Below are some entries. Output each one exactly as it appears.
*** Block opens ***
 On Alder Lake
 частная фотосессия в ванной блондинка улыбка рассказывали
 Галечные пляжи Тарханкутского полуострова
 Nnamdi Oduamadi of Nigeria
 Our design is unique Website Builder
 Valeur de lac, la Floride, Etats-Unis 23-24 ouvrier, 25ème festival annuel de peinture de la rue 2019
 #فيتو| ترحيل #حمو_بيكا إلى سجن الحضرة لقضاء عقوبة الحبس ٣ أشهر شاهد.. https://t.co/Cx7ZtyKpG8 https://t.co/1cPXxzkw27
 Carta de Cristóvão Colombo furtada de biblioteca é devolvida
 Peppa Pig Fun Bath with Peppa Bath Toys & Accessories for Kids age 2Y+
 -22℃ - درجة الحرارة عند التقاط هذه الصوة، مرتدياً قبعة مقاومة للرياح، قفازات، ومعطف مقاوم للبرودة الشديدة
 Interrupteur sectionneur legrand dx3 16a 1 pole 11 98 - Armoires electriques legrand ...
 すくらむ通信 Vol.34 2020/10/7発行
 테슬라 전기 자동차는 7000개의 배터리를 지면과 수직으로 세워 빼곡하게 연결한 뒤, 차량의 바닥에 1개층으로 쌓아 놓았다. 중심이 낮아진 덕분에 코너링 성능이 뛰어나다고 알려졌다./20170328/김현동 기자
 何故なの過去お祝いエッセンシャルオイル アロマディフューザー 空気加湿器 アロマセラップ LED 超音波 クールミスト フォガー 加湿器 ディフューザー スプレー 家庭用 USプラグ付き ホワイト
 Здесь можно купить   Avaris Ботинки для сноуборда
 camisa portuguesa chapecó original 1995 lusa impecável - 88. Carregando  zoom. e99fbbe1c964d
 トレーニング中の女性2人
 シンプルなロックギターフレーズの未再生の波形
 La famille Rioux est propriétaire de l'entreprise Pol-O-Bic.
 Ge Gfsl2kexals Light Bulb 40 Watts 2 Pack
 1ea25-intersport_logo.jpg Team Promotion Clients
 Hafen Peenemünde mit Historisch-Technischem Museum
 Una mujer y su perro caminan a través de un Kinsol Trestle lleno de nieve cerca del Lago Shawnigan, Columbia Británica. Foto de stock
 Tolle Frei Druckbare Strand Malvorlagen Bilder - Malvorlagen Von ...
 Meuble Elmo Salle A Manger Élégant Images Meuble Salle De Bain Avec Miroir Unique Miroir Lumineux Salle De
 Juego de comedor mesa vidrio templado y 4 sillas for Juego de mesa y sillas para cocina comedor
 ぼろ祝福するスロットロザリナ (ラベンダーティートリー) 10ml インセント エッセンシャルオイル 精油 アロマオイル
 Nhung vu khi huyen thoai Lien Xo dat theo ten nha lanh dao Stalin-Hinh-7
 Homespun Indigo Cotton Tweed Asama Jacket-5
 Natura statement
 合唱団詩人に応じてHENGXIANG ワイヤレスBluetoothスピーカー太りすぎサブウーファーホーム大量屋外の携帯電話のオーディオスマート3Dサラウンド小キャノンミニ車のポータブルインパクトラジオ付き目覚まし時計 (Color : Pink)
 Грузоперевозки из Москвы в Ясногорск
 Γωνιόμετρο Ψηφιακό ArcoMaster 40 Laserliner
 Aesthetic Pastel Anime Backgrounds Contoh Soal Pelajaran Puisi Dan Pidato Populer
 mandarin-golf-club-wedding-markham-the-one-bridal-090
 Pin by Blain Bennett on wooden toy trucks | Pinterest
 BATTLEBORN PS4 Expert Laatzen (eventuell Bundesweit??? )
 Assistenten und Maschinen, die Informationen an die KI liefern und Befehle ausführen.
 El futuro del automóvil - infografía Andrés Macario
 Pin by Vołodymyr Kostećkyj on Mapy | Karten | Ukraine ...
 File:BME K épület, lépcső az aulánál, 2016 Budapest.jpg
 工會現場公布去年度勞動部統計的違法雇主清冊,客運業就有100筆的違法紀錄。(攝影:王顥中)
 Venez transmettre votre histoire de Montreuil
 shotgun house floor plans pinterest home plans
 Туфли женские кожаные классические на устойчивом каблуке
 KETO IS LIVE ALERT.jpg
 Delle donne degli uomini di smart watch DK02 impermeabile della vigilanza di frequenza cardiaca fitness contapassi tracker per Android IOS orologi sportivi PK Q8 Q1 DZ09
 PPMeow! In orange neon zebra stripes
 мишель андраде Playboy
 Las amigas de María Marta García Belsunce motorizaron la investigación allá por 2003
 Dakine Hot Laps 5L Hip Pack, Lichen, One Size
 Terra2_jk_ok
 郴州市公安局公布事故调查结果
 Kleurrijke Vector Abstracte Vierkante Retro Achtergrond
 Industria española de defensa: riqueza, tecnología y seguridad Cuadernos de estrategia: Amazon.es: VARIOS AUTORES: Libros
*** Block closes ***
# Answer space
 On Alder Lake
 частная фотосессия в ванной блондинка улыбка рассказывали
 Галечные пляжи Тарханкутского полуострова
 Nnamdi Oduamadi of Nigeria
 Our design is unique Website Builder
 Valeur de lac, la Floride, Etats-Unis 23-24 ouvrier, 25ème festival annuel de peinture de la rue 2019
 #فيتو| ترحيل #حمو_بيكا إلى سجن الحضرة لقضاء عقوبة الحبس ٣ أشهر شاهد.. https://t.co/Cx7ZtyKpG8 https://t.co/1cPXxzkw27
 Carta de Cristóvão Colombo furtada de biblioteca é devolvida
 Peppa Pig Fun Bath with Peppa Bath Toys & Accessories for Kids age 2Y+
 -22℃ - درجة الحرارة عند التقاط هذه الصوة، مرتدياً قبعة مقاومة للرياح، قفازات، ومعطف مقاوم للبرودة الشديدة
 Interrupteur sectionneur legrand dx3 16a 1 pole 11 98 - Armoires electriques legrand ...
 すくらむ通信 Vol.34 2020/10/7発行
 테슬라 전기 자동차는 7000개의 배터리를 지면과 수직으로 세워 빼곡하게 연결한 뒤, 차량의 바닥에 1개층으로 쌓아 놓았다. 중심이 낮아진 덕분에 코너링 성능이 뛰어나다고 알려졌다./20170328/김현동 기자
 何故なの過去お祝いエッセンシャルオイル アロマディフューザー 空気加湿器 アロマセラップ LED 超音波 クールミスト フォガー 加湿器 ディフューザー スプレー 家庭用 USプラグ付き ホワイト
 Здесь можно купить   Avaris Ботинки для сноуборда
 camisa portuguesa chapecó original 1995 lusa impecável - 88. Carregando  zoom. e99fbbe1c964d
 トレーニング中の女性2人
 シンプルなロックギターフレーズの未再生の波形
 La famille Rioux est propriétaire de l'entreprise Pol-O-Bic.
 Ge Gfsl2kexals Light Bulb 40 Watts 2 Pack
 1ea25-intersport_logo.jpg Team Promotion Clients
 Hafen Peenemünde mit Historisch-Technischem Museum
 Una mujer y su perro caminan a través de un Kinsol Trestle lleno de nieve cerca del Lago Shawnigan, Columbia Británica. Foto de stock
 Tolle Frei Druckbare Strand Malvorlagen Bilder - Malvorlagen Von ...
 Meuble Elmo Salle A Manger Élégant Images Meuble Salle De Bain Avec Miroir Unique Miroir Lumineux Salle De
 Juego de comedor mesa vidrio templado y 4 sillas for Juego de mesa y sillas para cocina comedor
 ぼろ祝福するスロットロザリナ (ラベンダーティートリー) 10ml インセント エッセンシャルオイル 精油 アロマオイル
 Nhung vu khi huyen thoai Lien Xo dat theo ten nha lanh dao Stalin-Hinh-7
 Homespun Indigo Cotton Tweed Asama Jacket-5
 Natura statement
 合唱団詩人に応じてHENGXIANG ワイヤレスBluetoothスピーカー太りすぎサブウーファーホーム大量屋外の携帯電話のオーディオスマート3Dサラウンド小キャノンミニ車のポータブルインパクトラジオ付き目覚まし時計 (Color : Pink)
 Грузоперевозки из Москвы в Ясногорск
 Γωνιόμετρο Ψηφιακό ArcoMaster 40 Laserliner
 Aesthetic Pastel Anime Backgrounds Contoh Soal Pelajaran Puisi Dan Pidato Populer
 mandarin-golf-club-wedding-markham-the-one-bridal-090
 Pin by Blain Bennett on wooden toy trucks | Pinterest
 BATTLEBORN PS4 Expert Laatzen (eventuell Bundesweit??? )
 Assistenten und Maschinen, die Informationen an die KI liefern und Befehle ausführen.
 El futuro del automóvil - infografía Andrés Macario
 Pin by Vołodymyr Kostećkyj on Mapy | Karten | Ukraine ...
 File:BME K épület, lépcső az aulánál, 2016 Budapest.jpg
 工會現場公布去年度勞動部統計的違法雇主清冊,客運業就有100筆的違法紀錄。(攝影:王顥中)
 Venez transmettre votre histoire de Montreuil
 shotgun house floor plans pinterest home plans
 Туфли женские кожаные классические на устойчивом каблуке
 KETO IS LIVE ALERT.jpg
 Delle donne degli uomini di smart watch DK02 impermeabile della vigilanza di frequenza cardiaca fitness contapassi tracker per Android IOS orologi sportivi PK Q8 Q1 DZ09
 PPMeow! In orange neon zebra stripes
 мишель андраде Playboy
 Las amigas de María Marta García Belsunce motorizaron la investigación allá por 2003
 Dakine Hot Laps 5L Hip Pack, Lichen, One Size
 Terra2_jk_ok
 郴州市公安局公布事故调查结果
 Kleurrijke Vector Abstracte Vierkante Retro Achtergrond
 Industria española de defensa: riqueza, tecnología y seguridad Cuadernos de estrategia: Amazon.es: VARIOS AUTORES: Libros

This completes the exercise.